-- Dataset section --
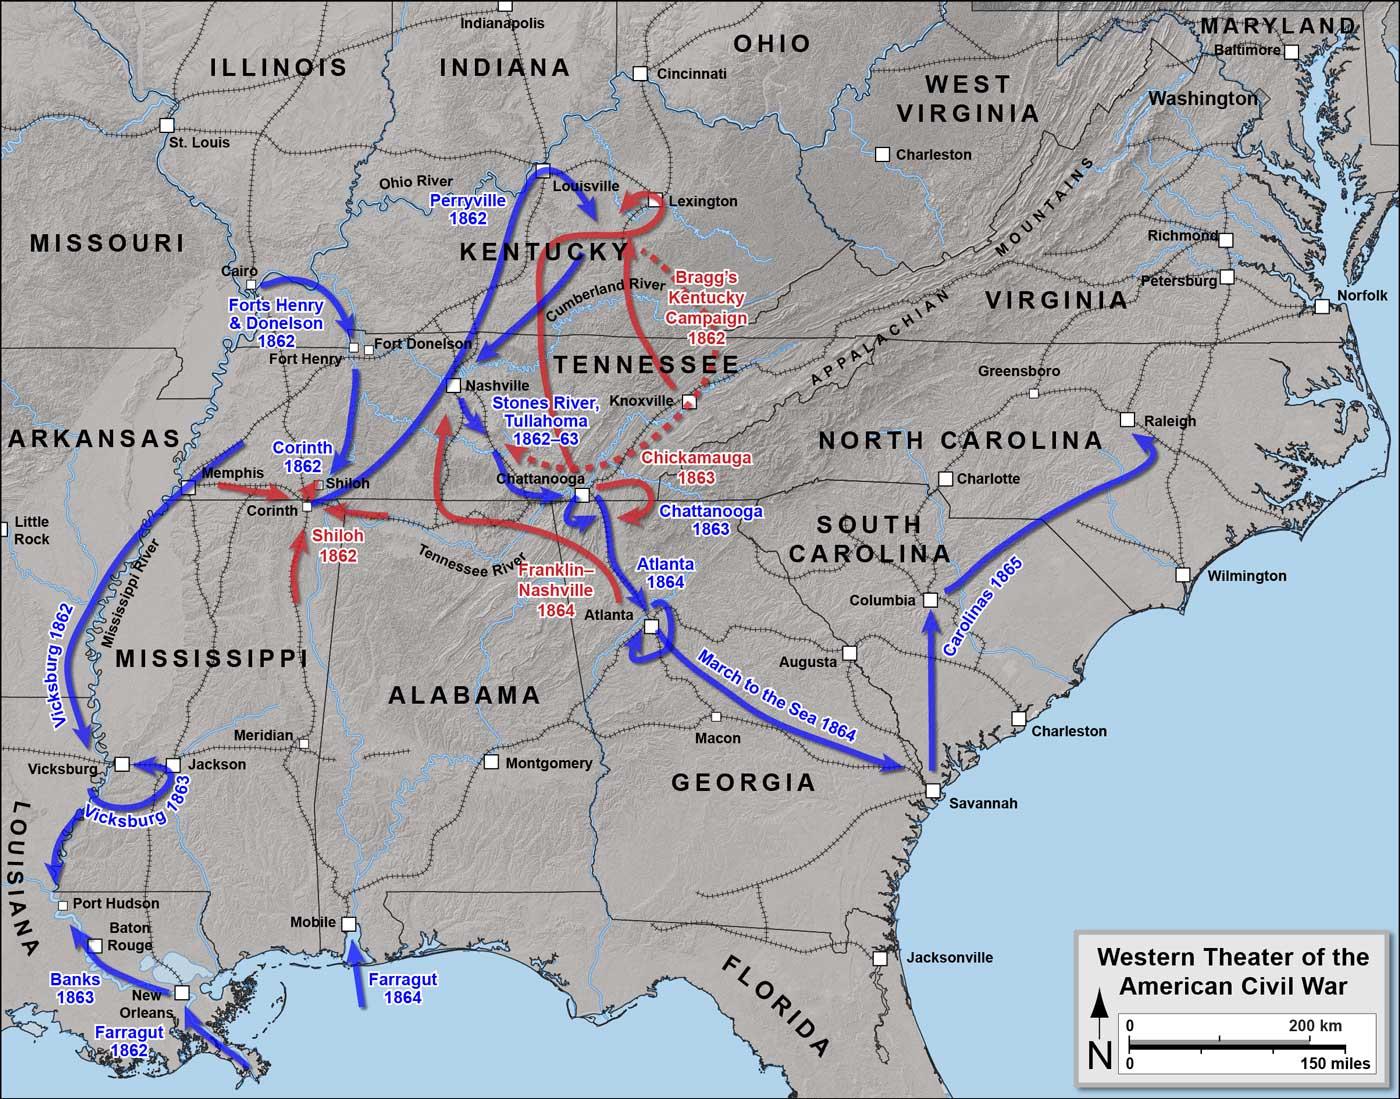 Civil war battle maps 1861 1865
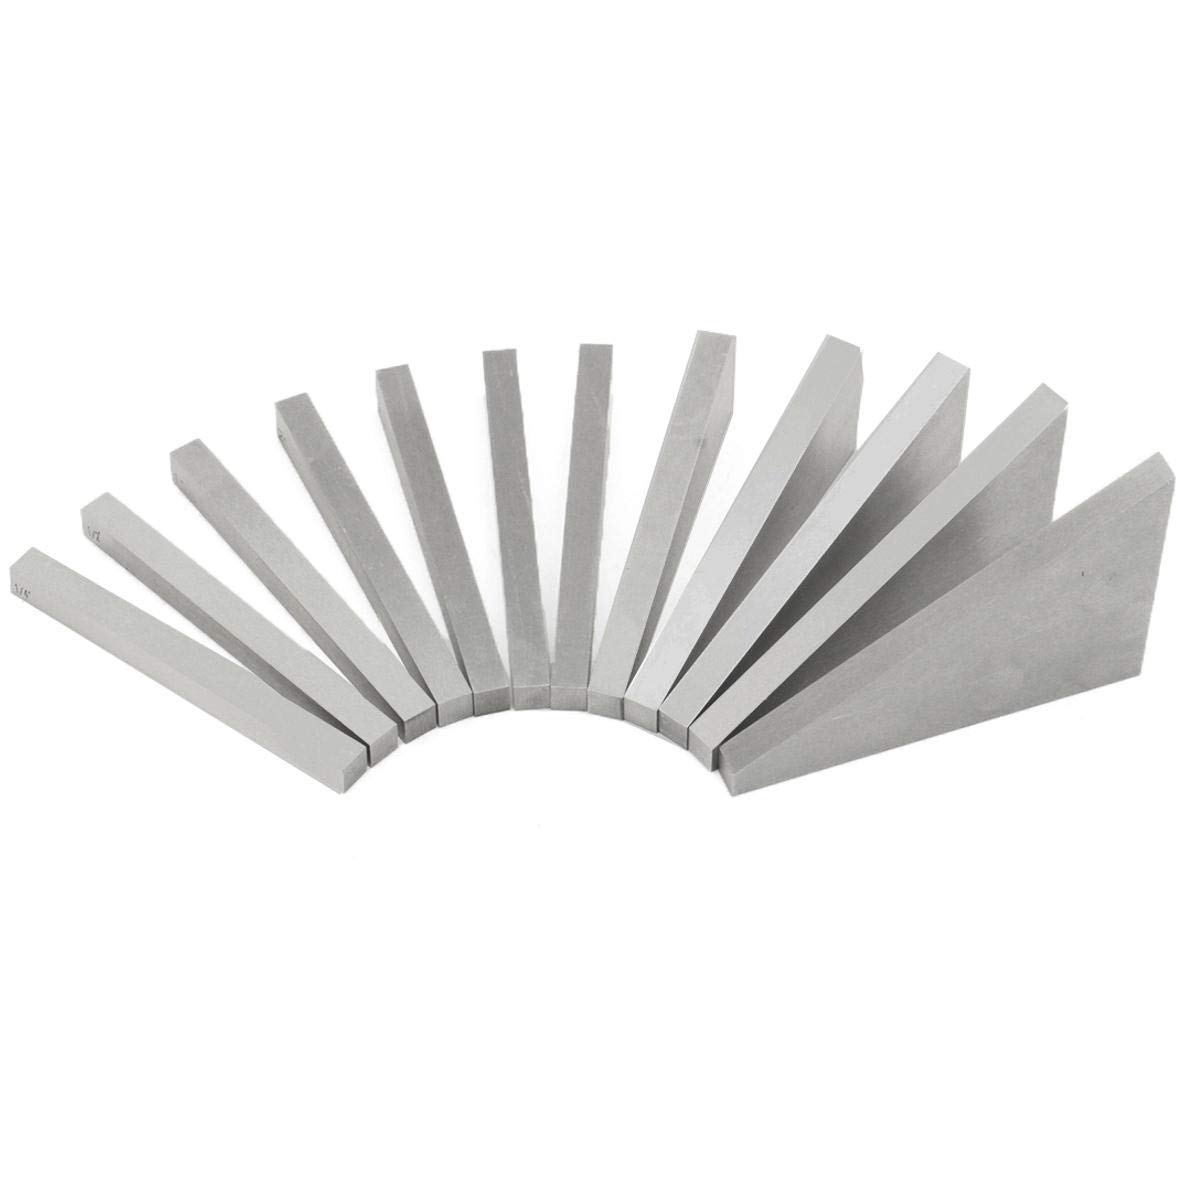 12 PCS Precision Angle Blocks Set Lathes Milling Machinist 1/4 1/2 1-30 Degrees
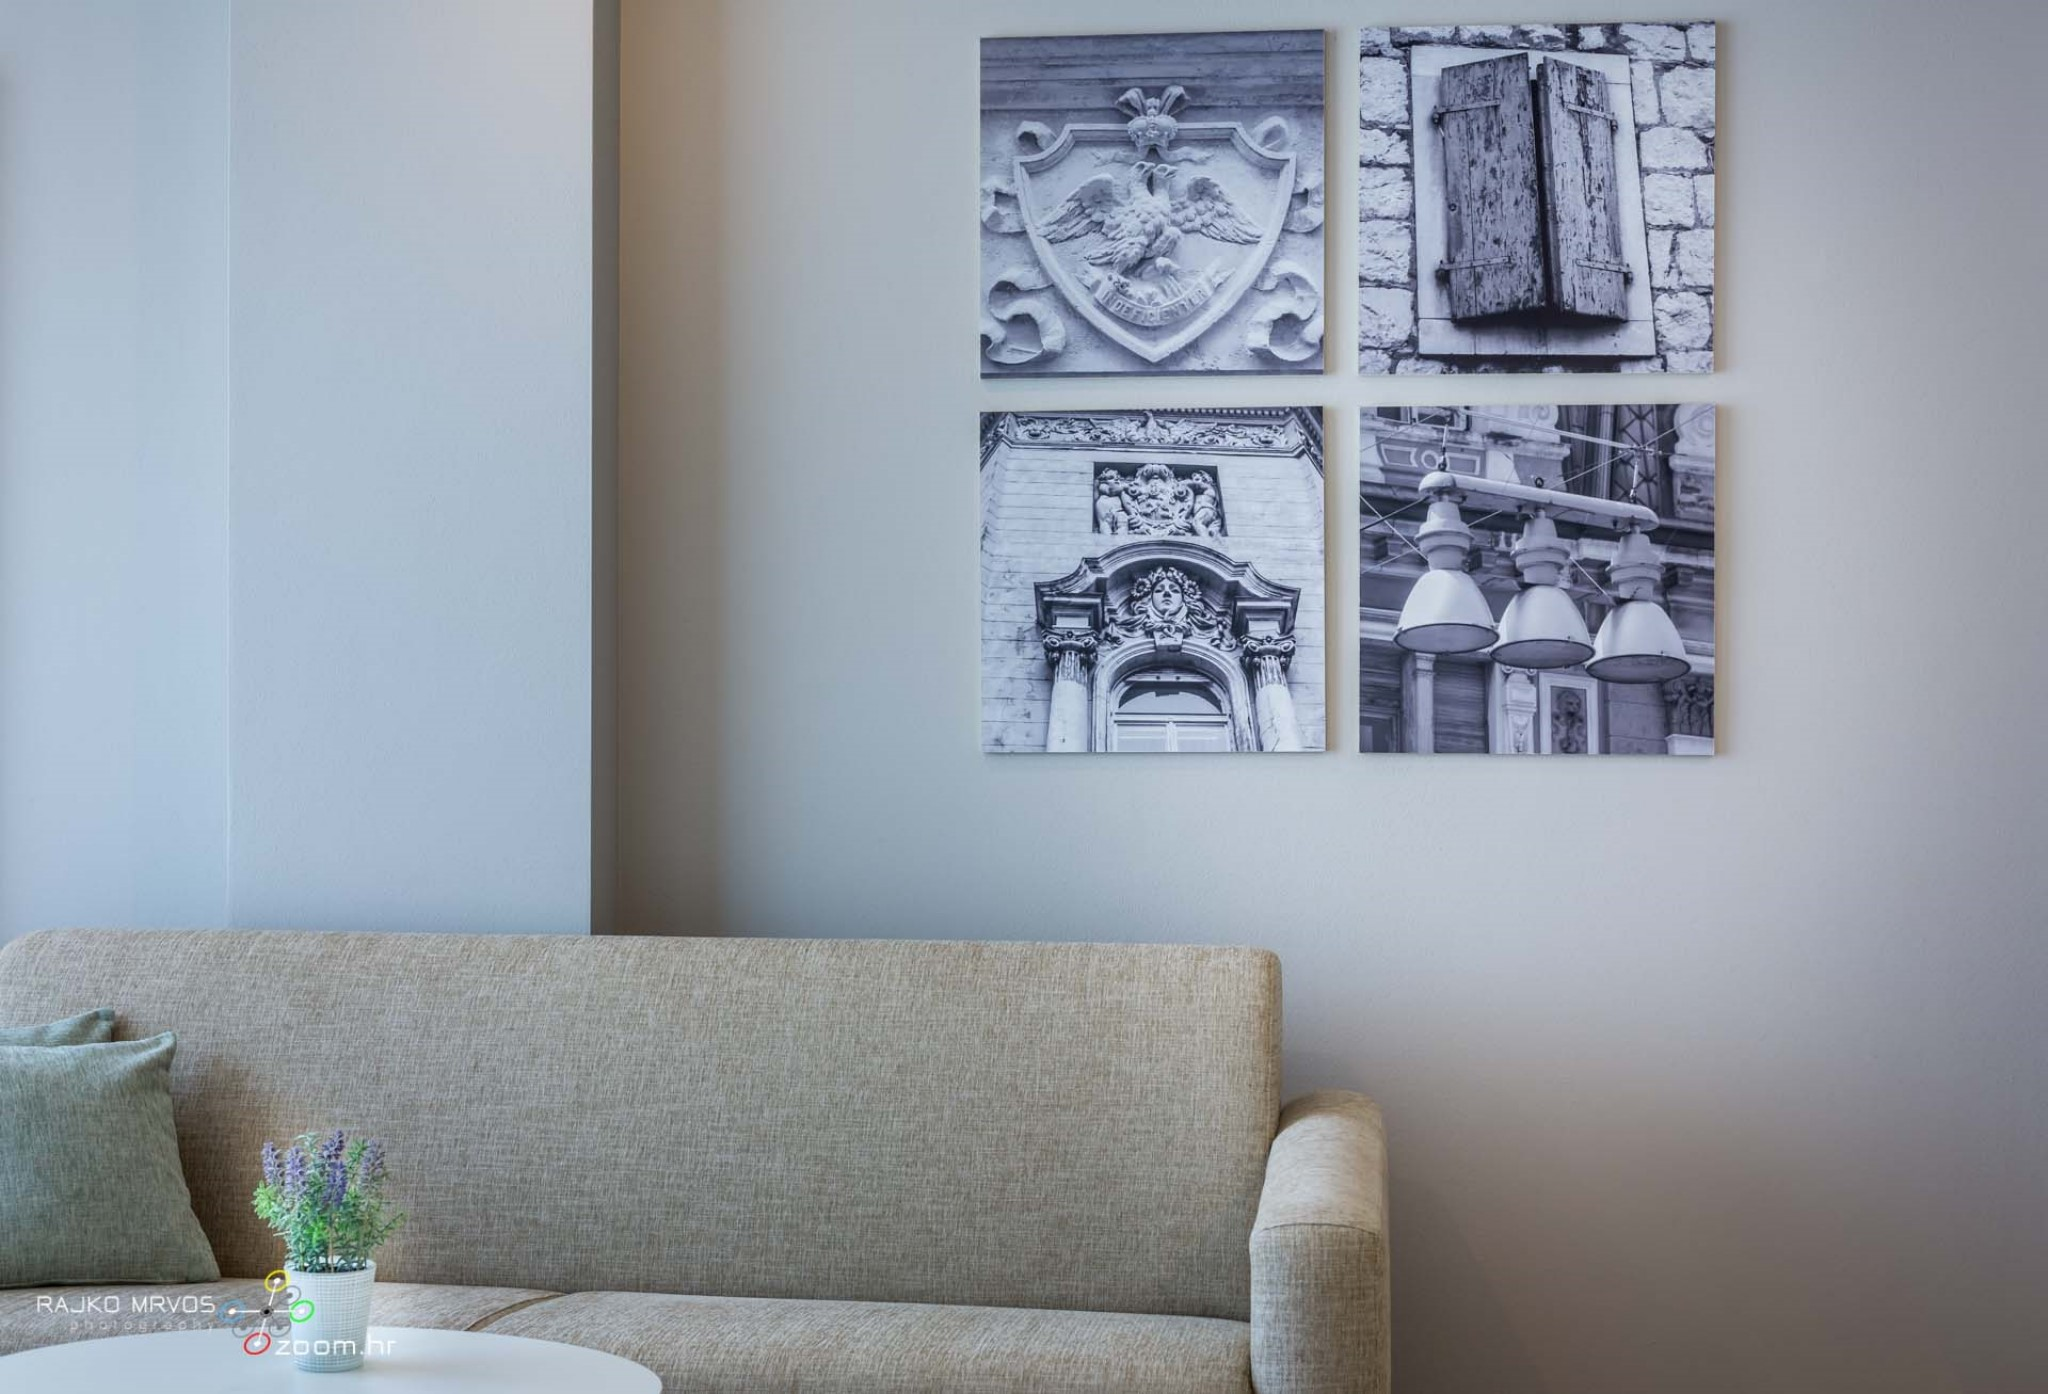 fotografiranje-interijera-fotograf-eksterijera-apartmana-vila-kuca-apartmani-Preelook-64
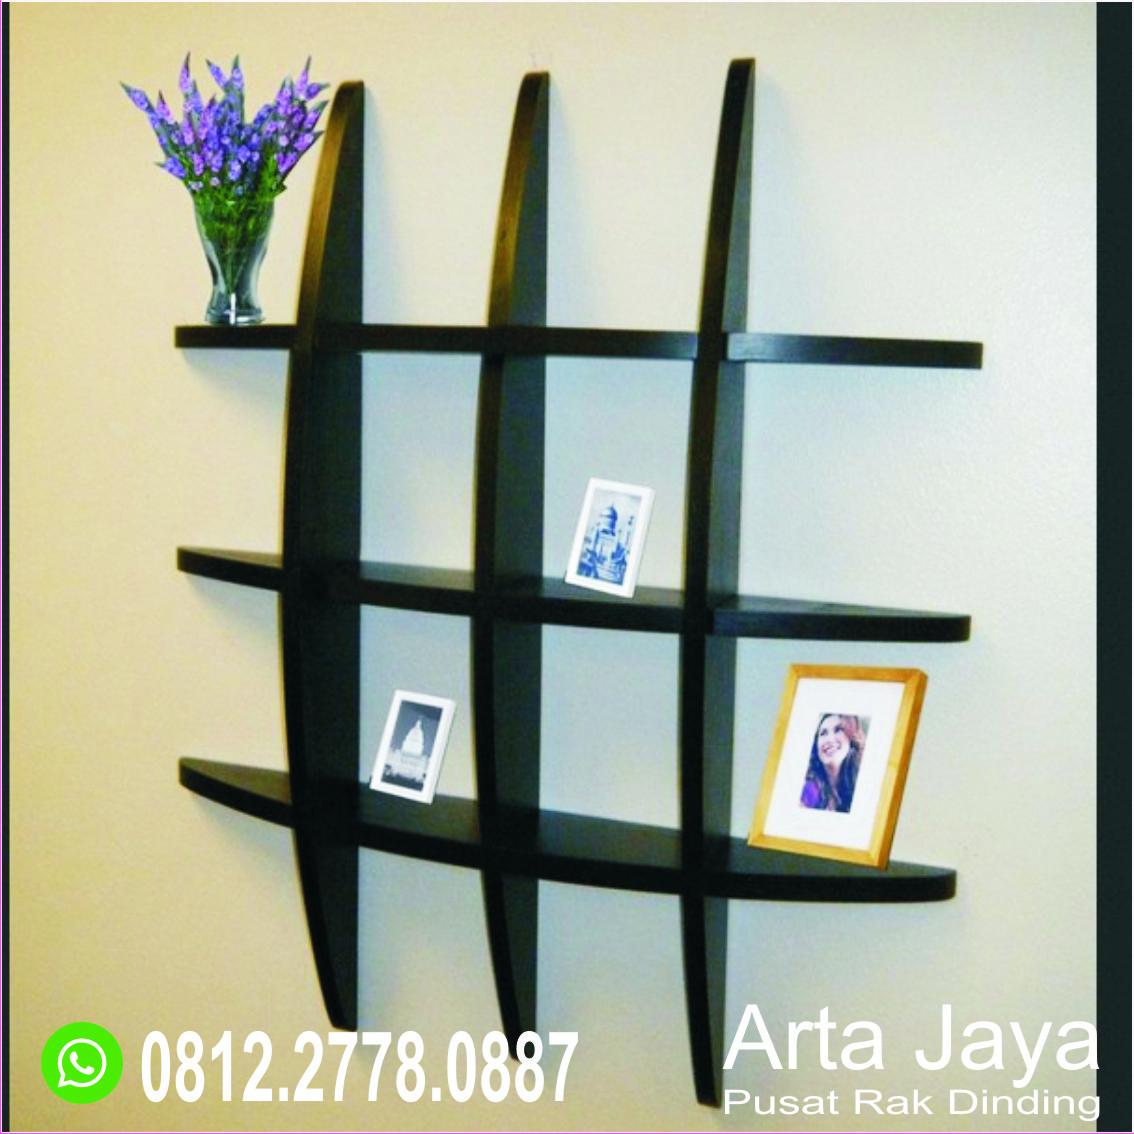 Large Rectangle black wire wood  retro wall shelf unit shelving display home

-- Problem --
Without any pictures, write out the lines running from the one containing "12 PCS Precision" through the end of the listing above, both included, exactly as given.

-- Task result --
 12 PCS Precision Angle Blocks Set Lathes Milling Machinist 1/4 1/2 1-30 Degrees
 fotografiranje-interijera-fotograf-eksterijera-apartmana-vila-kuca-apartmani-Preelook-64
 Large Rectangle black wire wood  retro wall shelf unit shelving display home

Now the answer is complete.